Campus zealots have changed their motto on so many of America’s campuses from “Don’t trust anyone over 30” to “Don’t trust anyone under 30.” They have given up on the notion that students are young adults; instead they have institutionalized their views in the in loco parentis role of universities and so made their own particular ideological analysis of America the official secular religion of academic life.
 

They believe that most undergraduates are intellectual and political children who enter universities inadequately aware of the effects of an American caste system of “race, gender, and sexuality.” They also believe—a patronizing perspective that is almost unchallenged in academic life—that most so‑called minorities (each of us, in fact, is a unique moral minority of one)—students of African or of mixed racial descent, students of Hispanic descent, gays and lesbians, native peoples, students of Asian descent, and, though they are in fact a majority, women—do not adequately understand the nature and methods of their “oppression,” and, indeed, often have internalized the very values by which society oppresses them.

 
Leninists labeled this phenomenon of judging from the perspective of your oppressor “false consciousness” (what could workers know, compared to intellectuals, about what workers authentically want?), and their murderous contempt for those with false consciousness drowned the world in blood.
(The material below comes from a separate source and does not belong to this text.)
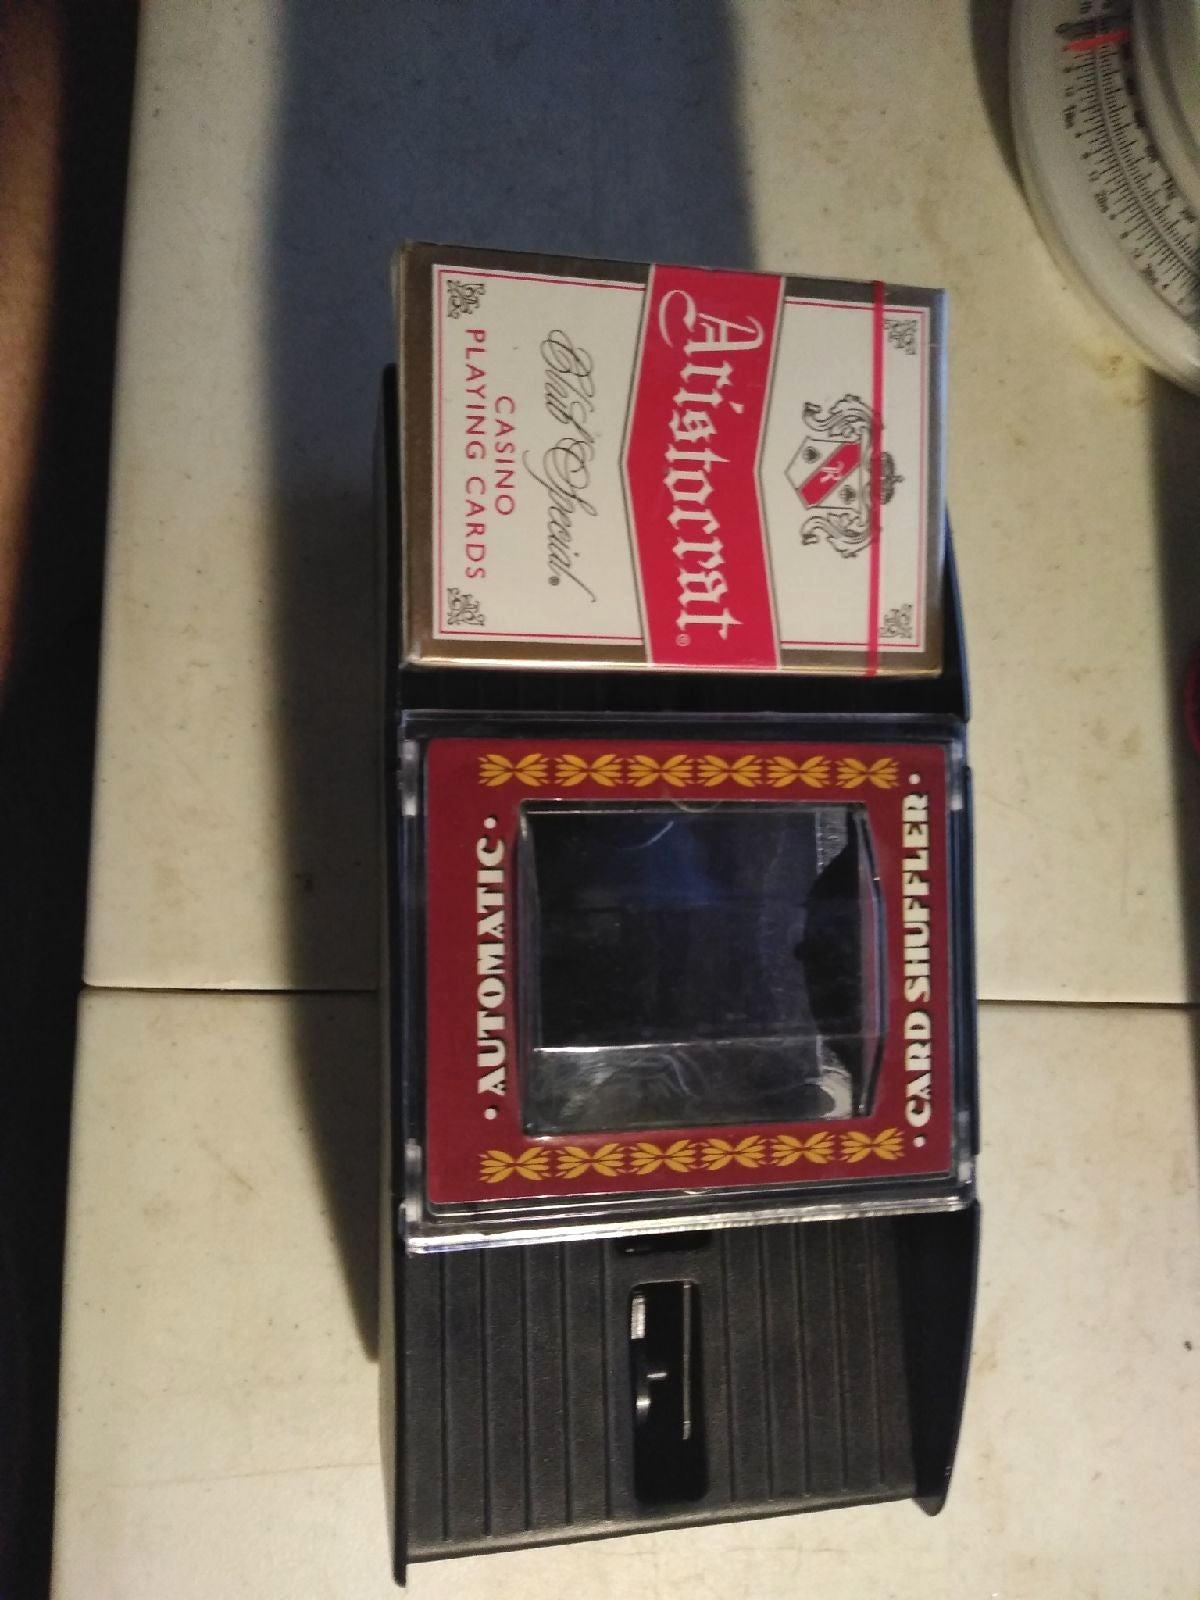 Cardinal card shuffler  Brand new unopen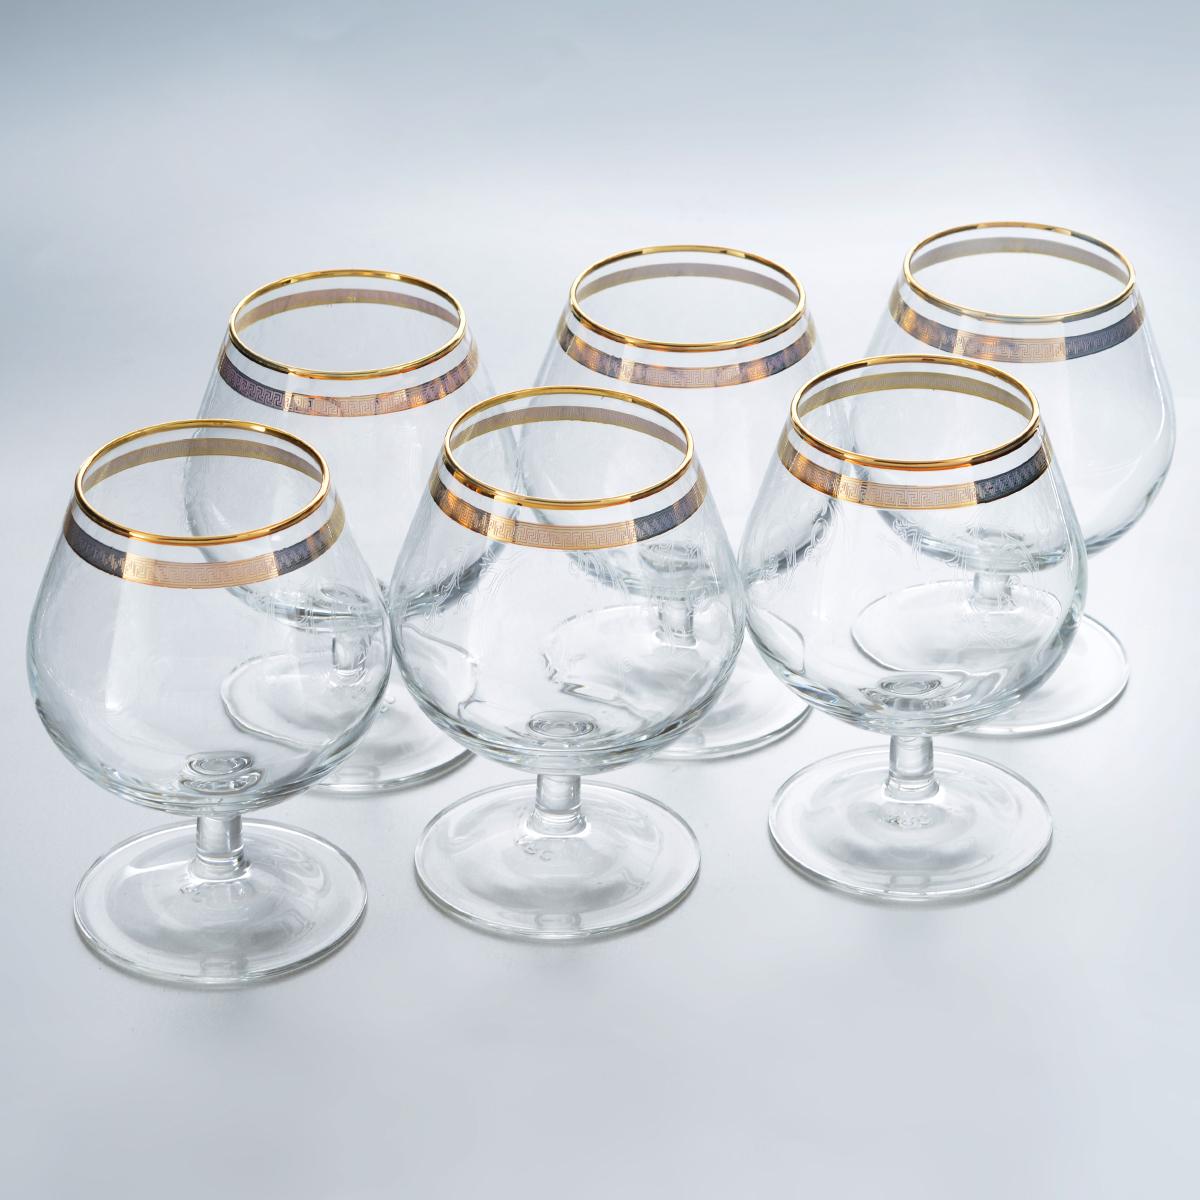 Набор бокалов для бренди Гусь-Хрустальный Каскад, 250 мл, 6 шт набор бокалов для бренди гусь хрустальный версаче 400 мл 6 шт

Today’s would-be leaders of a cultural revolution—without physical force at their disposal, much more benign, generally well-intentioned, and often dear souls—believe, alas, so-called minority students who think differently from them are bearers of false consciousness. Campuses today label false consciousness “internalized oppression,” and they identify it most easily by any tendency of blacks and women to question the view of reality held by their would-be guides.
 
Although countless courses in the official curriculum undertake to enlighten all students from these perspectives, for many proponents of using universities as agents of ideological change, curricular control is simply not enough. Undergraduates often refuse to choose Indoctrination 101. Students remain independent and critical in their thought and values. Most so-called minorities do not believe that they are too weak or mystified to live with freedom and to make choices for themselves. Most whites just do not feel guilty about their birth. Women and men, far from perceiving each other as class enemies, continue to flirt and fall in love, if not collaboration of a far, far closer kind. Thus, coercive administrative authority must be brought to bear over students’ extracurricular and private lives, in order to give politically correct moral enlightenment and inspiration to undergraduates. The children of the ’60s, in the ’60s, had asked, “What could our elders know, being the product of America?” The children of the ’60s, now elders, put the question a bit differently at the dawn of the 21st century: “What could our children know, being the product of America?”
 
Thus, we have moved at more and more campuses from their Free Speech Movement to their speech codes, from their own struggle against mandatory chapel to their own struggle for mandatory diversity education and sensitivity seminars, from their struggle for racial integration to their efforts for new forms of separate racial programs, from their freedom to smoke pot openly on college lawns to their war against the spirits—literal and metaphorical—of undergraduates today. American students are victims of a generational swindle of truly epic proportions. More and more students understand that now, and FIRE draws great energy and inspiration from them.